And then, okay. Well, who else uses it other than GeneStreet? Like, what do you do that's innovative? Palantir. Okay.
Warp.
Warp stream. So yeah. So But yeah. Okay.
Anyway, so so maybe maybe and and so this is a bad example because they're actually legit, but, like, you know, there's there's a lot of similar examples where they just leave with the money, and, like, there's no no much substantiation behind it. Maybe it's just bad storytelling, and that's why I, as a podcaster, get to talk to the I just talk to general general intuition. And, like, once you spend some time with them, then you're like, oh, okay. This is why they raised a $100,000,000. But, like, without that context, it's, like, really hard to understand anything.

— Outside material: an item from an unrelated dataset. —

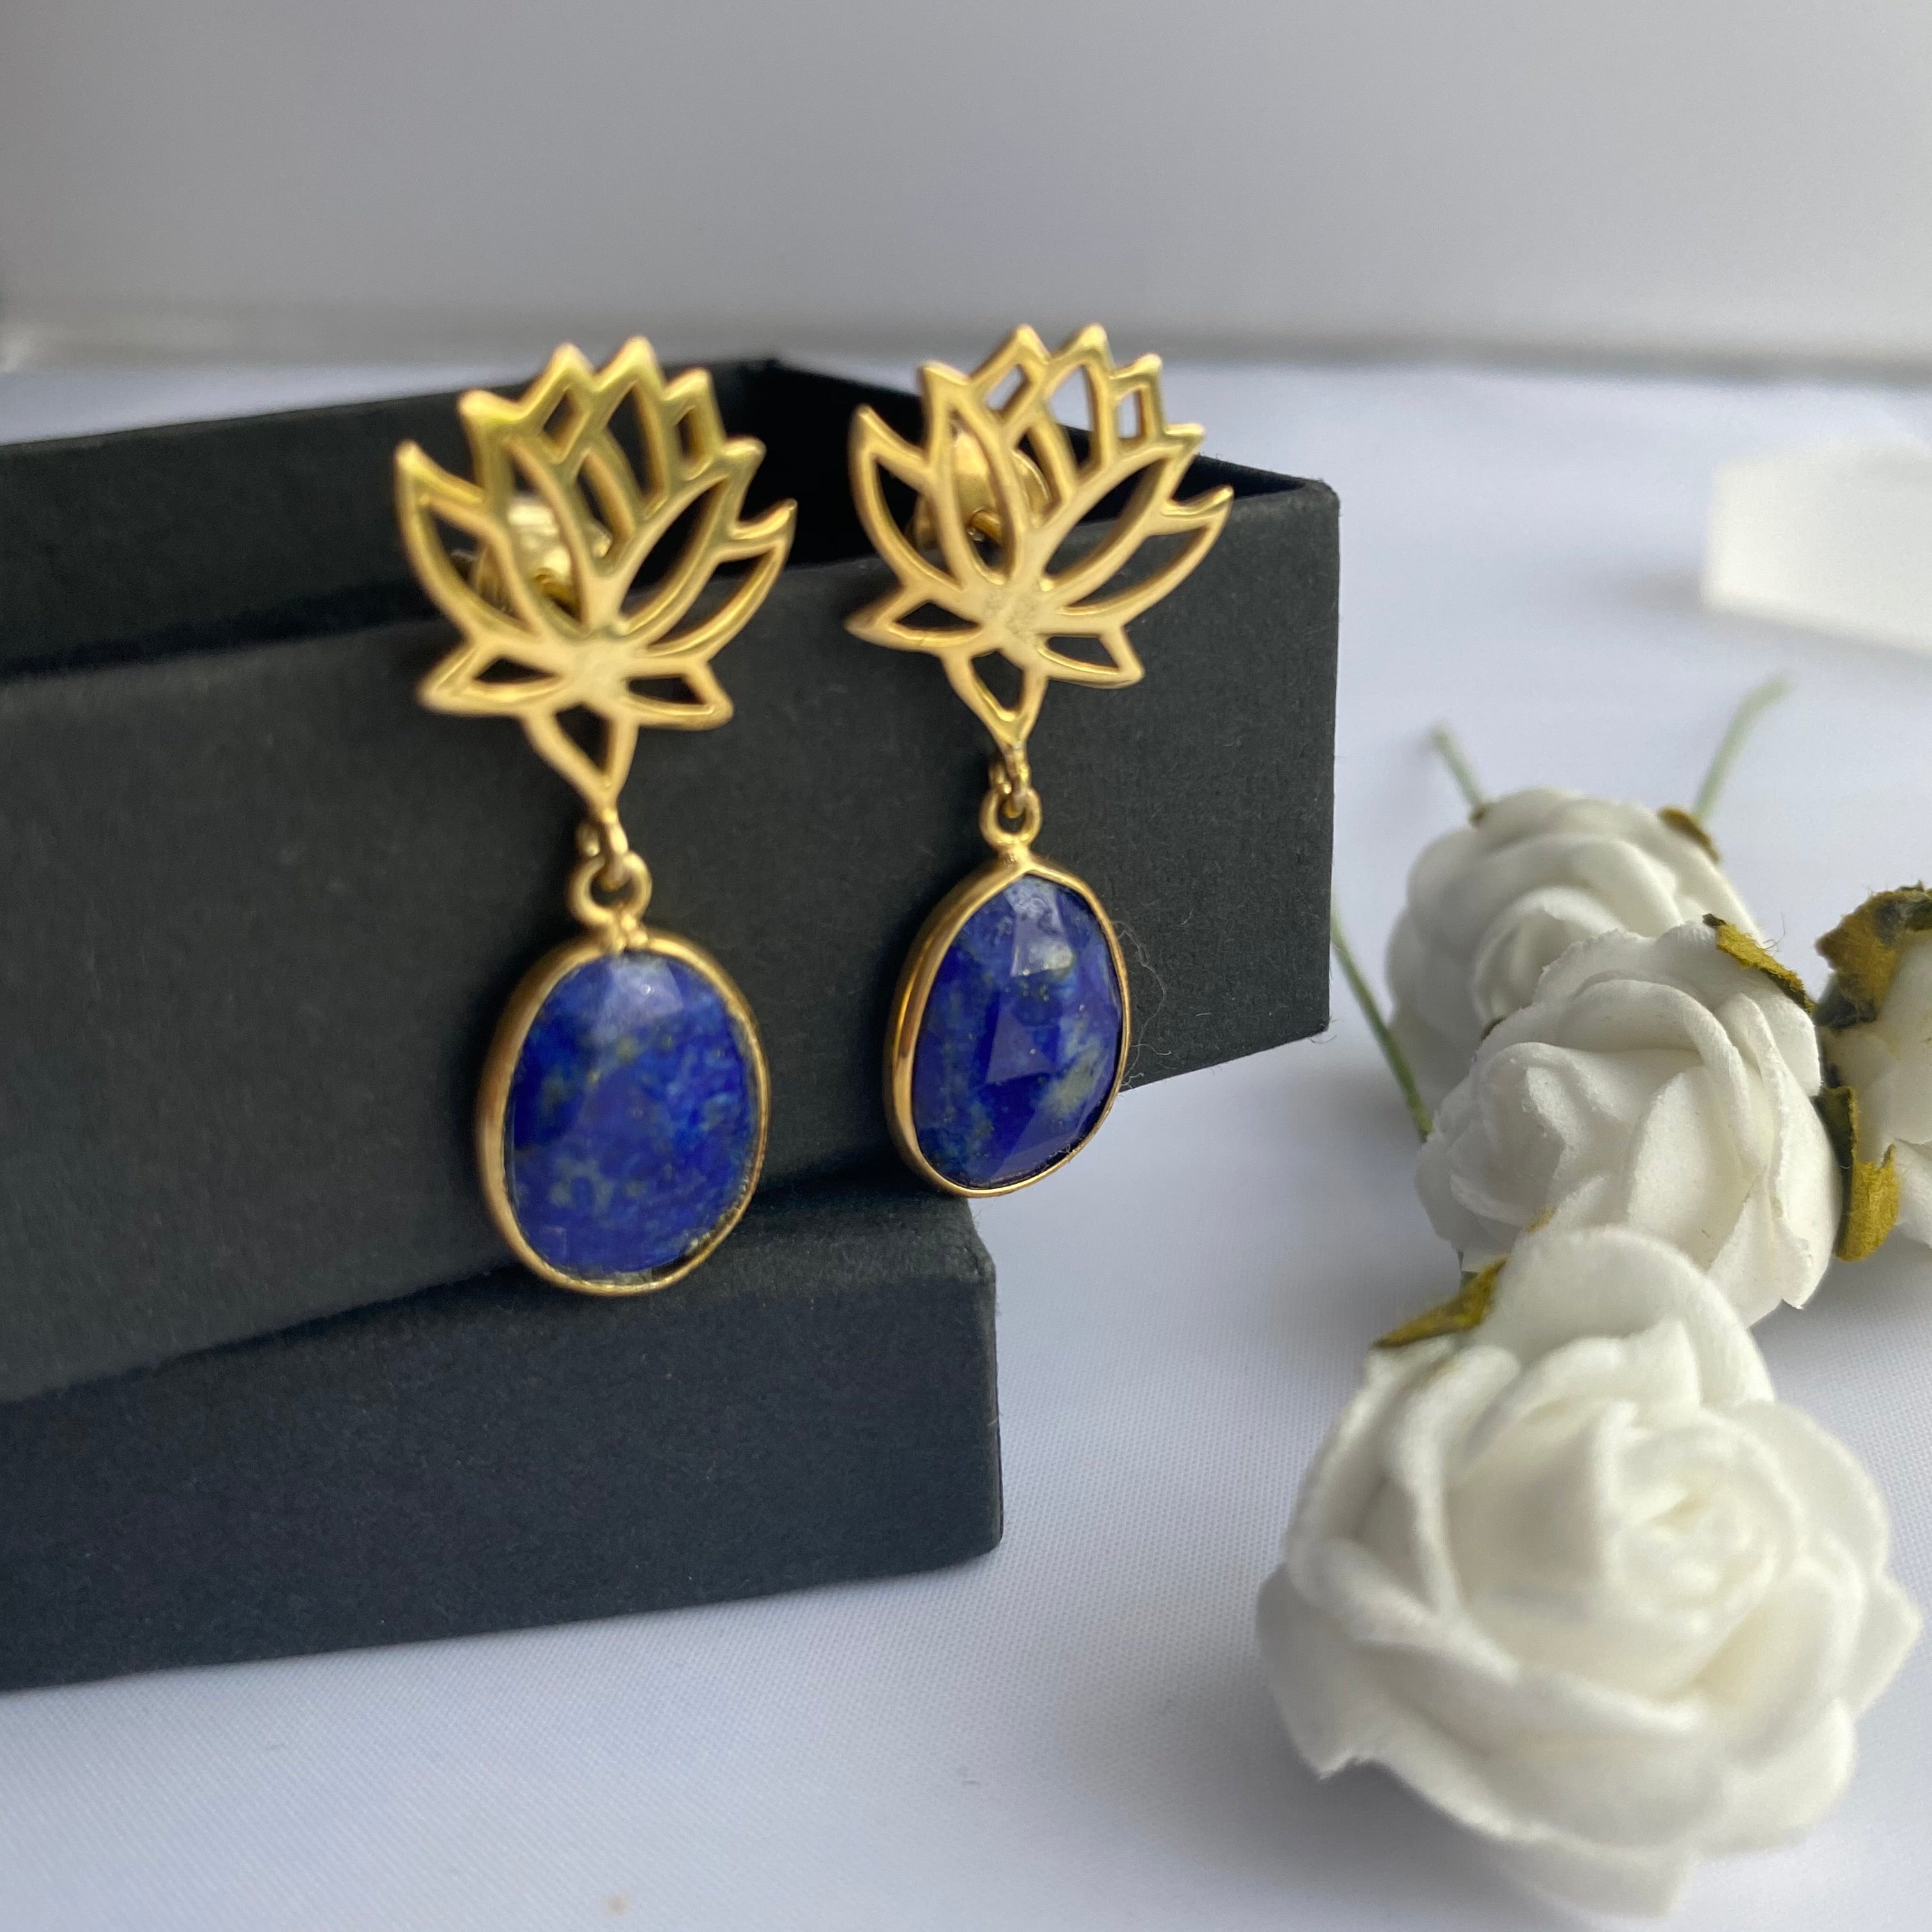 Lotus Earrings in Gold Plated Sterling Silver with a Lapis Lazuli Gemstone Drop

Well and and and, like, I think there are some companies that are raising, you know, a $100,000,000 or more because they need it. Like, a good example might be, like, periodic. In addition to, you know Wet lab. Yeah. Yeah.
They need to build out a wet lab and, like, designing a wet lab that can support high throughput biology, which is absolutely critical to, you know, their goals, that's costly. So so so, like, I understand why they need that that funding. But again, there are others where, like, they don't have these near term milestones. I think the thing that is a little bit you know, perturbing to me, many of them are doing it because it makes it easier for them to hire. Because, you know, there are all of these candidates who, like, want to be want to work at a company that is, like, a unicorn or a near unicorn.
They're pitching
because the alternative is work at a big lab where, you know, it's yeah. The prestige and the money is there.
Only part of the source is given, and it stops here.